あったのは私の実家であって、真司の実家ではない。
「ちなみに真司の実家は千葉の房総半島にありますよ。都内の私立高校に合格したので、高校は親戚の家から通っていたって聞いています」
「そんな……じゃあ、彼の実家がお金持ちっていうのは……」
「お金持ちをどう定義するかはわかりませんが、ごく普通の家庭ではないですかね。真司のお父様は町役場にお勤めでしたし」
真司は美人だったという亡くなった父方の曽祖母似だったそうで、両親のどちらにも似ていなかった。
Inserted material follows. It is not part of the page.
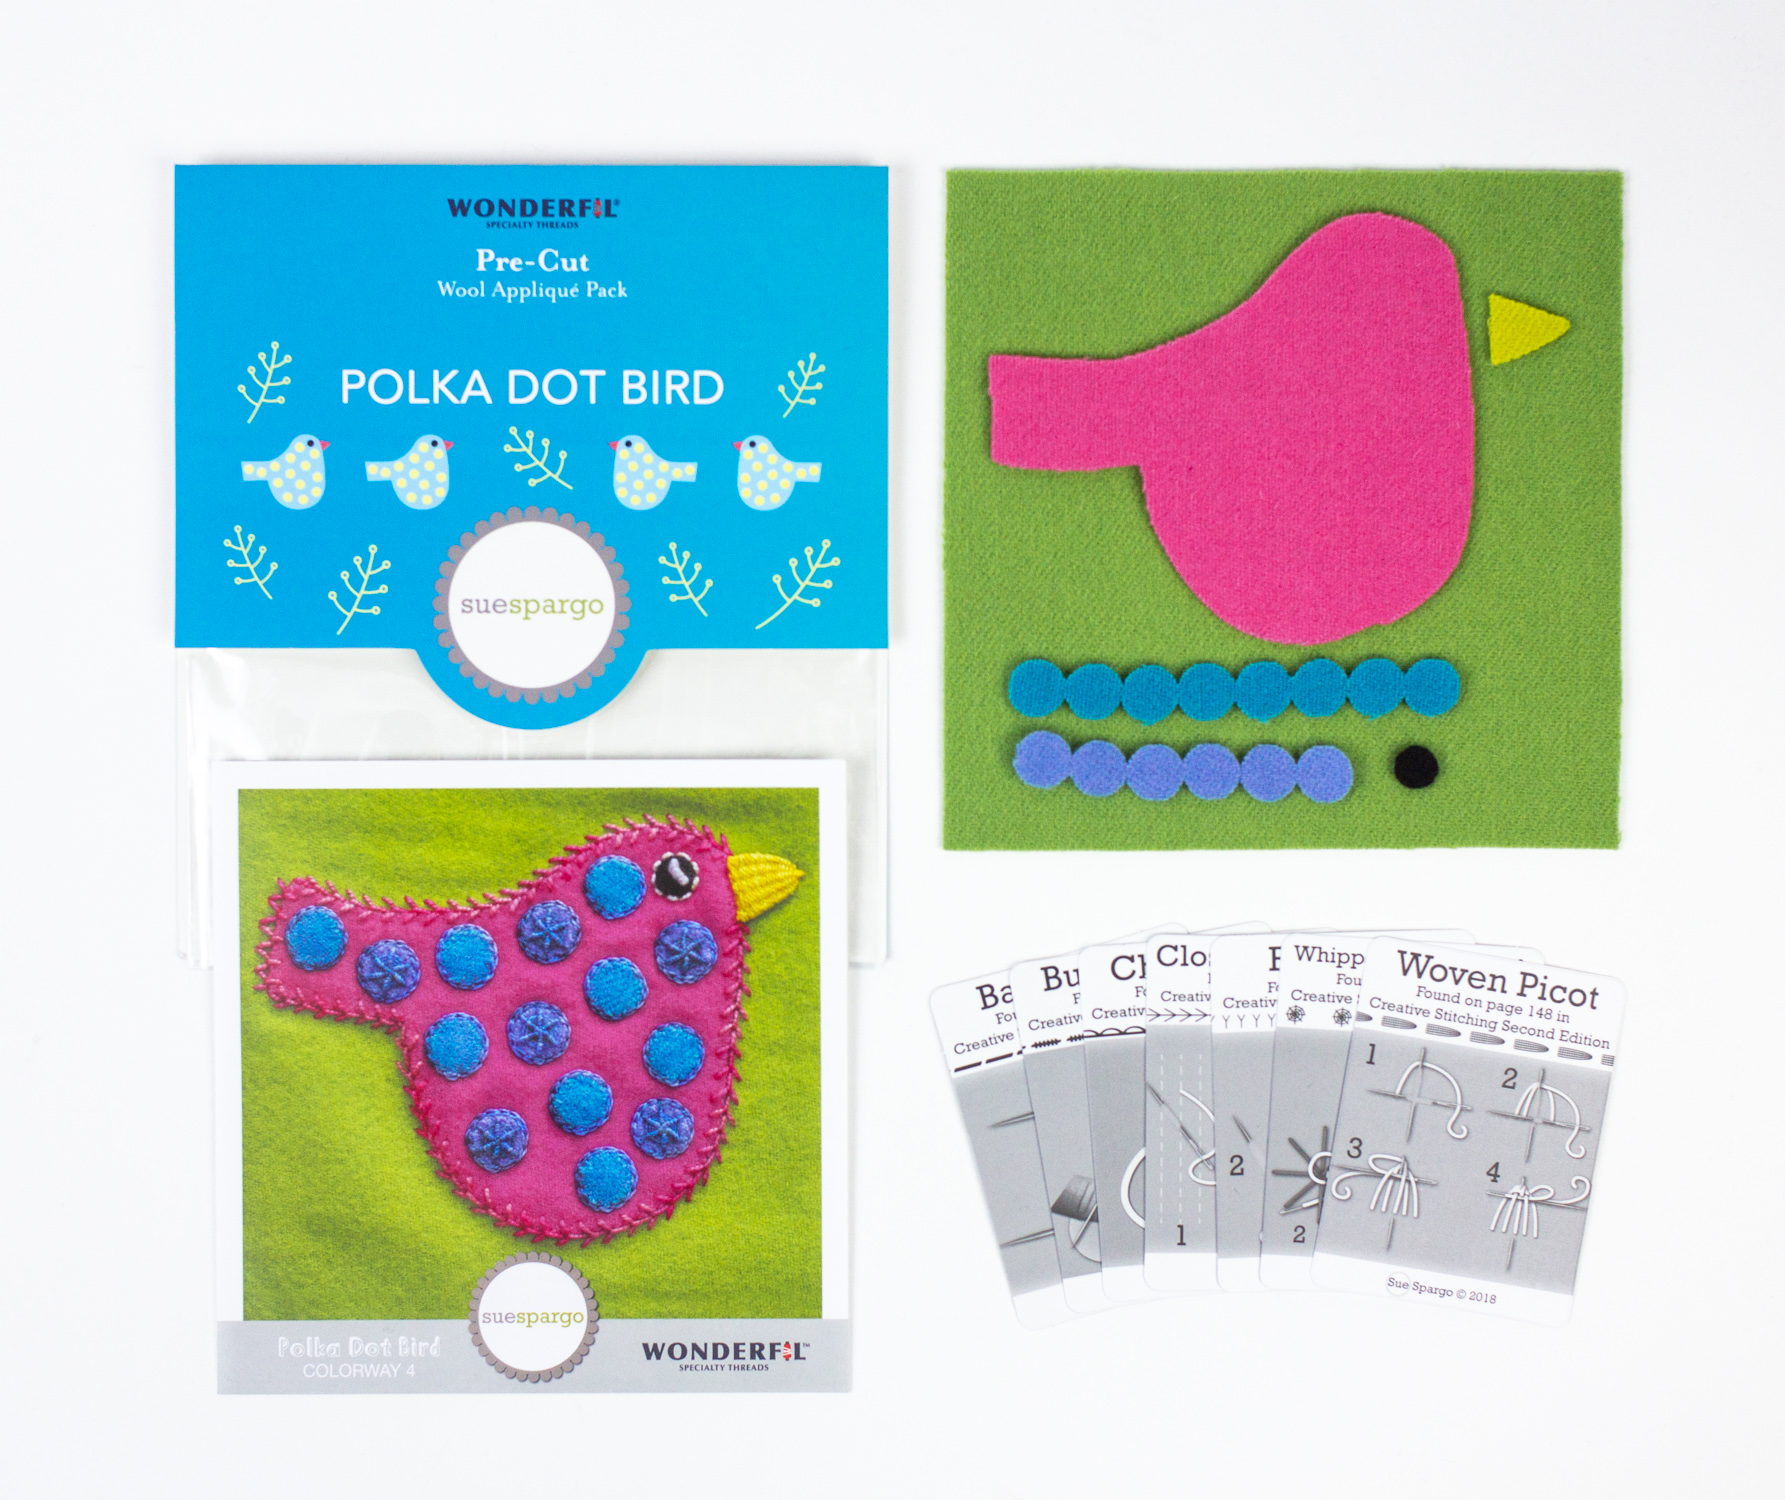 Polka Dot Bird4-inside.jpg

人のいいご両親で、私の妊娠が発覚したときは私と私の両親の前で土下座されたほどだ。
ごく普通の両親の間に、見目麗しい男の子が生まれた。成績も地元の小中学校ではトップクラス。両親は彼に期待し、彼のわがままはなんでも許したらしい。地元を出て東京の高校に行きたいと言いだしたときも、親戚に頭を下げて下宿させてもらった。真司は勉強はそこそこできたので、そのまま有名私立大にも進み、弁護士を目指した。そして私と学生結婚したのだ。
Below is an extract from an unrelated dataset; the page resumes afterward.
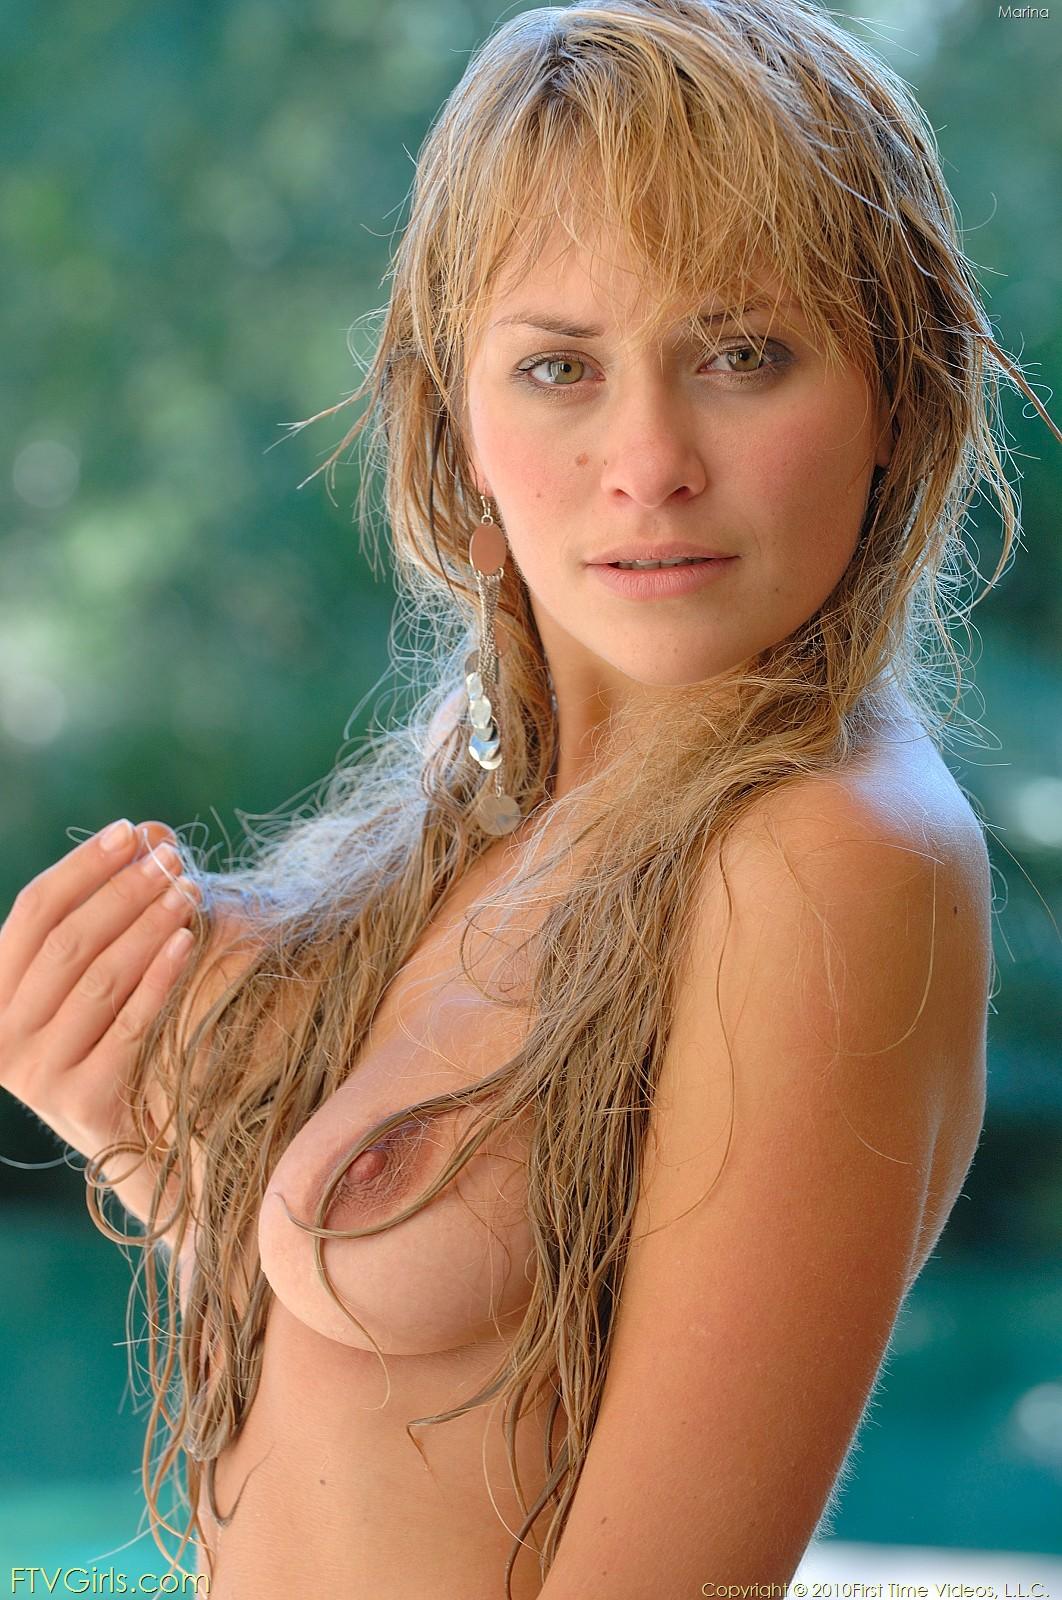 wpid-marina-shows-off-her-sweet-tits8.jpg

当時烈火のごとく怒ったのは私の父である緑川宗介。けれど生まれてくる子どもに罪はないと、2人の結婚を認めてくれた。そのとき出された条件が、一人娘である私の家に婿養子に入って緑川を名乗ること。さらに真司を自分の法律事務所に就職させて、娘や孫が困らないよう、気も配ってくれた。そんな父をも、彼は裏切ったわけだ。
明かされる事実がショックなのか、顔を青ざめさせていた朝比奈ほのかだったが、すべての説明を聞いた後、何かに気がついたように顔をあげた。
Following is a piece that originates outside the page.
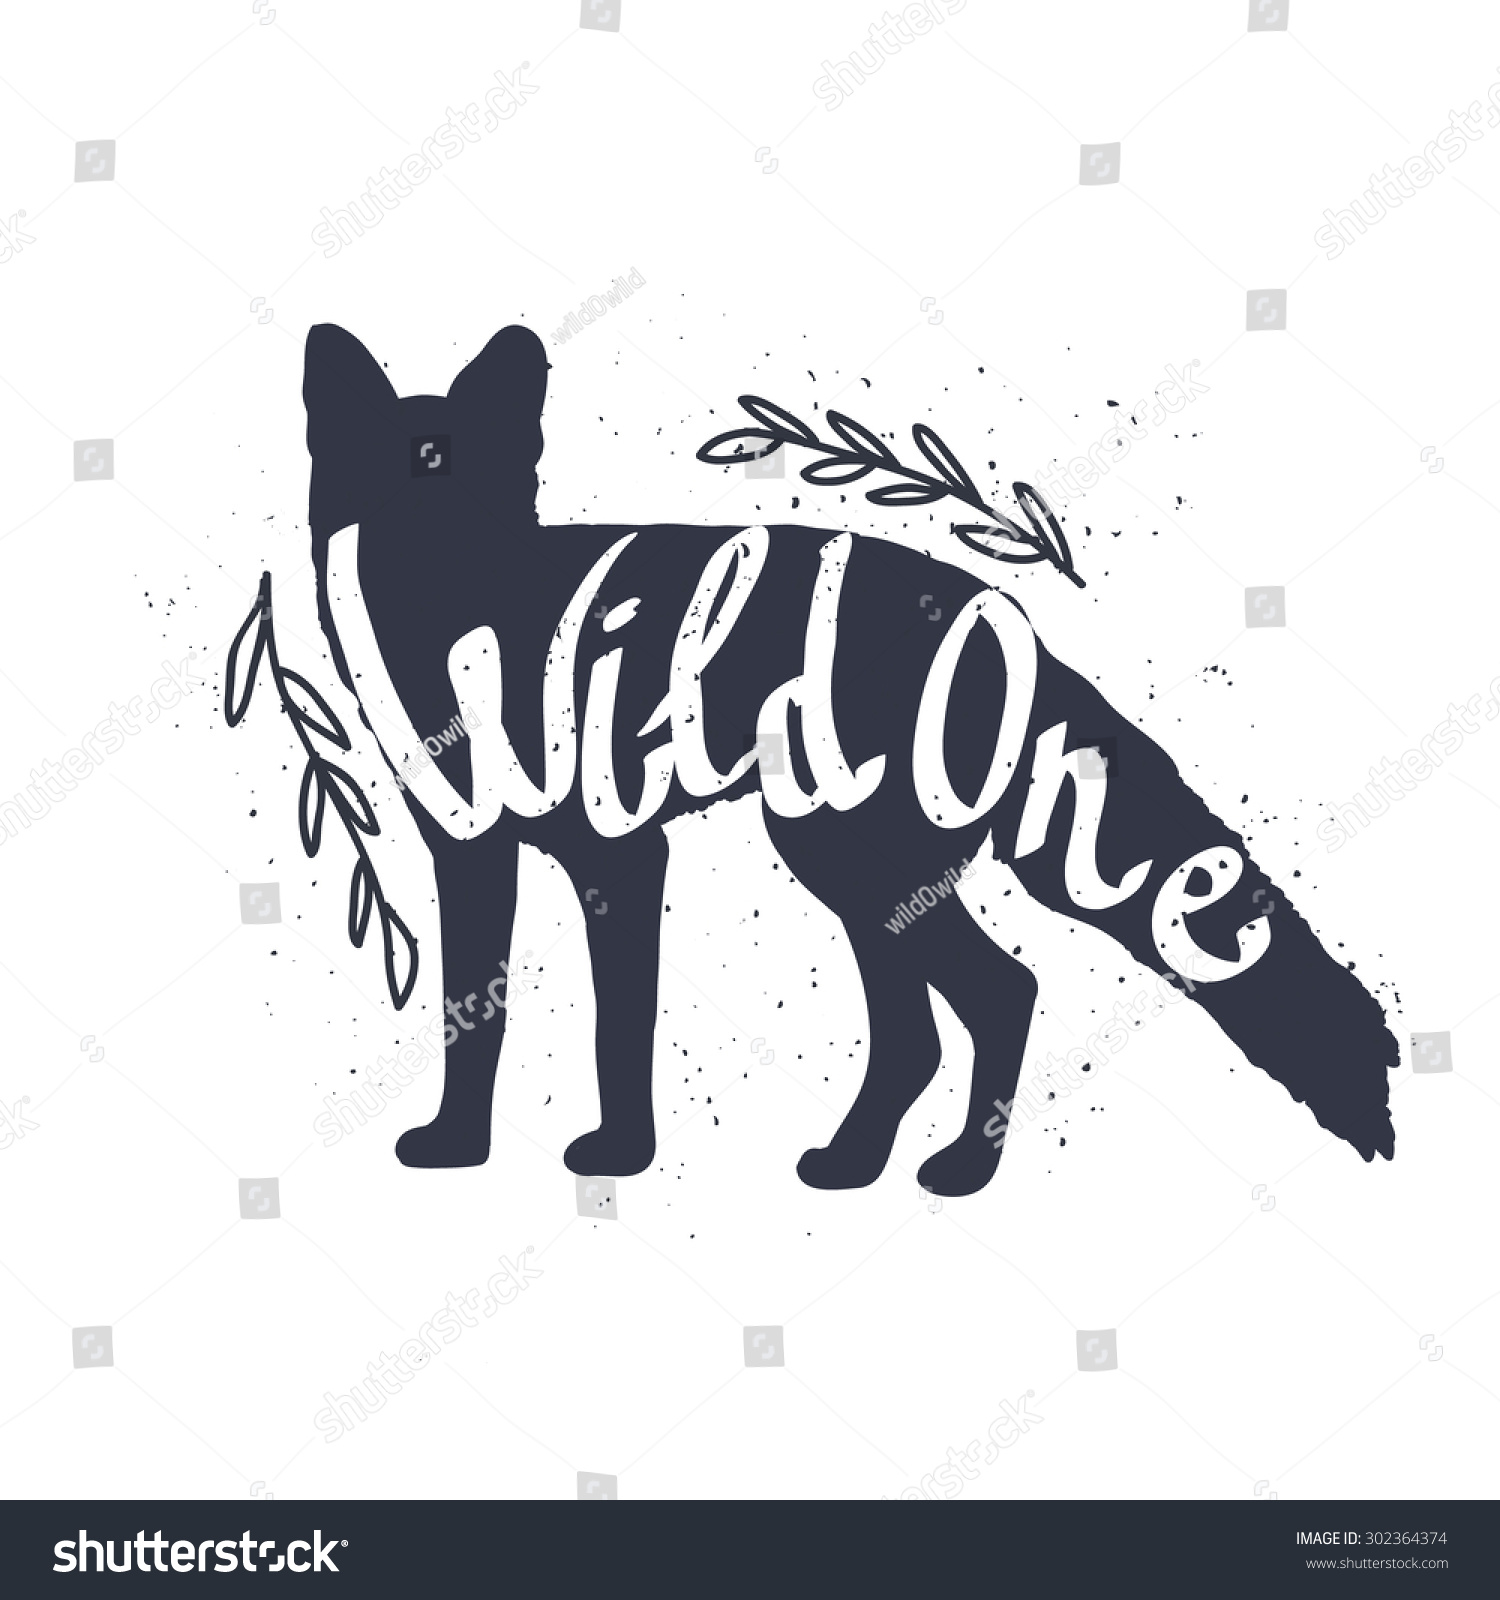 Fox silhouette handdrawn quote wild one stock vector for Wild design

「で、でも! おうちが資産家じゃなかったとしても、彼は弁護士だから稼ぎもいいわ! あなたと離婚したんだから、これで私とも結婚できるもの。私は弁護士の妻だし、お腹のこの子は弁護士の子どもよ! あなたみたいに親のスネをかじっているのとは違うのよ!」
「あーそれも半分しか合ってませんね」
「はぁ!?」
「私と離婚したので、あなたと籍を入れられるというのは本当です。もちろん、民法上離婚後すぐには無理ですが、男性の場合約3ヶ月後には入籍できます」
「なら私は3ヶ月後には弁護士の妻になれるわ!」
「なれませんね。だって彼、弁護士じゃありませんから」
「はあぁぁぁぁっ!?」
きんきんと響く声に顔を顰めつつ、私は懇切丁寧に説明してやった。
「彼の仕事は弁護士ではありません。パラリーガルです。あ、パラリーガルっていうのは法律事務所で働く事務員のことですね。弁護士を補佐する役目を担います」
「う、嘘よ! だって彼はロースクールの出身だって……」
「ロースクール出身ってだけでは弁護士になれませんよ。司法試験に受からなければ。真司はこれまで4回司法試験にトライしていますが、4年連続で落ちています」
「その……法廷の話もよくしていたのに……」
「パラリーガルが裁判に同席することもよくありますので」
「嘘でしょ……」
「本当です。ロースクール時代に最初の試験に落ちたとき、父が彼のことを拾ってやったんです。パラリーガルをしながら司法試験を目指すのは珍しいことではありませんし、身内の事務所なら時間の融通もきくから、勉強もしやすいだろうと、手を差し伸べてやったんです」
緑川法律事務所は本来、司法試験に落ちた人間を雇うような甘い事務所ではない。所属の弁護士は皆その道で一流の人間ばかりだ。そんな中、例外的に真司を入所させたのは、真司のため、というより娘・孫かわいさだろう。そんな恵まれた状況であったにもかかわらず、真司は試験に落ち続けた。3回目の試験に落ちたとき、実は父は彼のことを見放していた。私としてはこのままパラリーガルとしてやっていくのも悪くないのではと思っていた。私も仕事をしているし、一家3人食べていくには困らない。むしろ実家の援助のおかげで裕福に暮らせるくらいだ。
次々と明かされる事実に、朝比奈ほのかの顔面は蒼白だった。